Chemical Recycling of Plastics

1. Sustainability Problem: Waste/Recycling

Only 9% of all plastic waste produced since 1950 has been recycled, and unfortunately, the remaining plastics have ended up either in landfills, incineration systems, or left in the environment. Plastics are a major environmental problem because they can be become infinitely smaller over time, but never fully breakdown. Additionally, plastics are particularly harmful to the environment because of the chemicals they are made from; the toxins can harm wildlife and lead to further global warming.

2. Sustainable Technology: BioCellection- Accelerated Thermal Oxidative Decomposition

A California recycling tech startup has discovered a chemical process of breaking down polyethylene (PE) waste. The chemical process transforms the plastics into high market value chemicals that can be used in the manufacturing of new products. The process itself is called: Accelerated Thermal Oxidative Decomposition (ATOD). The company claims that ATOD is different from other chemical processes because it requires lower temperatures, generates less oil waste, requires less steps, and minimizes toxic waste and carbon emissions.
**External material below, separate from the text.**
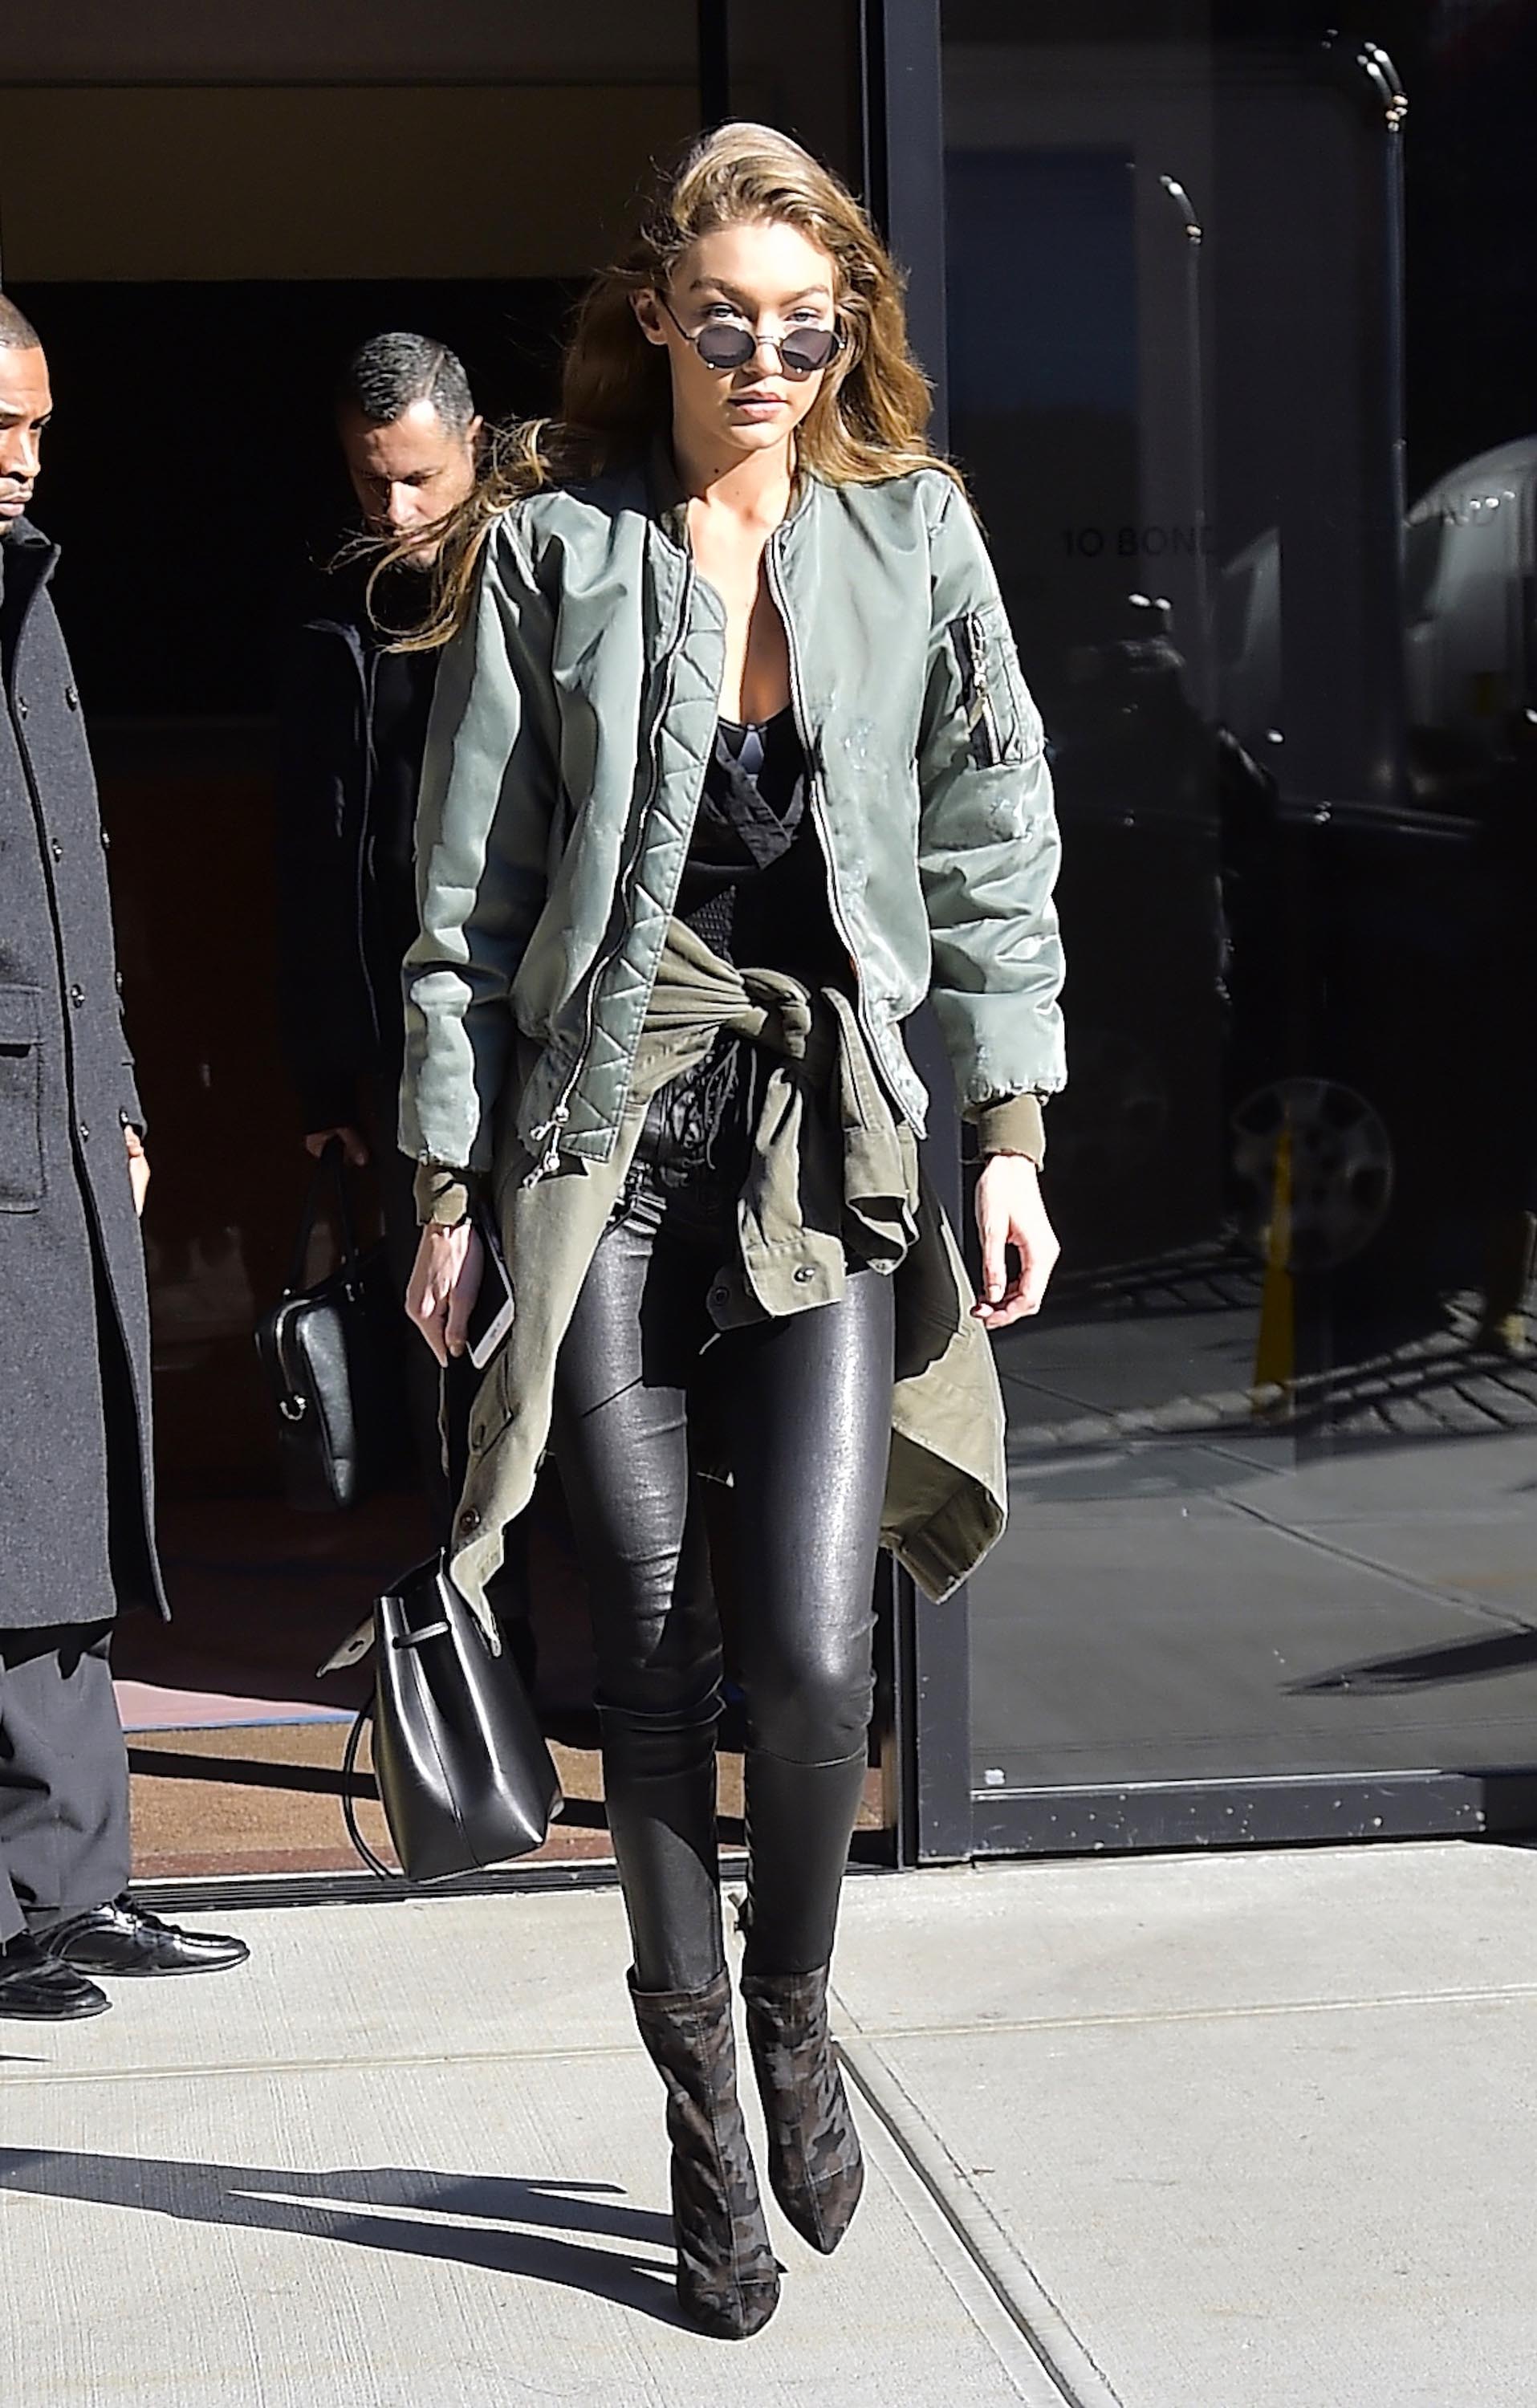 Gigi Hadid is seen in New York City

  • BioCellection uses a chemical process of breaking bonds between molecules through oxidation, in order to extract the resulting organic acids, such as glutaric acid, succinic acid, and adipic acid. These acids are considered intermediate chemicals, which can be used in “high-performance” materials in the manufacturing of electronics, cars, clothing, and more.
  • For every ton of plastic waste chemically processed, around $2,500 worth of “high performance virgin-quality” chemicals can be produced; each ton of plastic waste processed can prevent nearly 20 tons of carbon dioxide from being emitted.
  • Breaking down the low-grade PE takes around 6 hours, and the system uses temperatures of around 200 degrees Celcius. BioCellection claims that the process uses the same amount of energy needed to power a TV screen.
  • Chemical recycling is an alternative to the traditional mechanical recycling. Since there are billions of tons of plastic waste around the world, the process used by BioCellection may have the ability to help reduce global fossil fuel consumption within supply chains.
  • The ATOD process helps brands meet ambitious sustainability goals concerning supply chain management, and increase the marketability of the company. Furthermore, the by-product of the chemical breakdown offers manufacturers  high-quality chemicals for a cheaper price.

*BioCellection recently became Novoloop, in an effort to expand the company’s product design and capabilities.

“BioCellection uses chemistry in plastic recycling” (, Living Circular

3. Stakeholders:

  • Residents
  • City governments
  • Manufacturing companies
  • Waste management companies  
  • Wildlife services

4. Technology Implementation:

1. The first step is for BioCellection to build relationships with local waste management companies, in order to extract plastic waste from collection bins.

2. The company should also communicate with manufacturing companies that would be responsible for purchasing and using the chemical products that BioCellection produces.

3. BioCellection/Novoloop should perform annual environmental impact assessments, in order to continuously evaluate the environmental implications of the ATOD process.



2 thoughts on “Chemical Recycling of Plastics

  1. #dg3199

    Super cool post. What percentage of plastic waste is polyethylene waste? I wonder what sort of engagement model can be created such that companies that would utilize the chemicals could be “mandated” to do so. Perhaps there is some sort of price-fixing that could occur making this sort of recycled waste cheaper than their newly created or synthesized counterparts, effectively encouraging the private market to consume these recycled chemicals.


  2. This is a really exciting development. I feel like for a long time the infinite lifecycle of plastics in the environment has just been considered an inevitable reality, but there’s a lot of exciting work being done in finding other ways to dispose of and/or reuse plastic waste. I appreciated the article’s encouragement of new processes continuing to be developed, and how this solution in particular enables a circular economy when it comes to plastic usage – which will likely be a necessary approach to plastic consumption as completely phasing out plastic from our economy doesn’t feel plausible in the foreseeable future.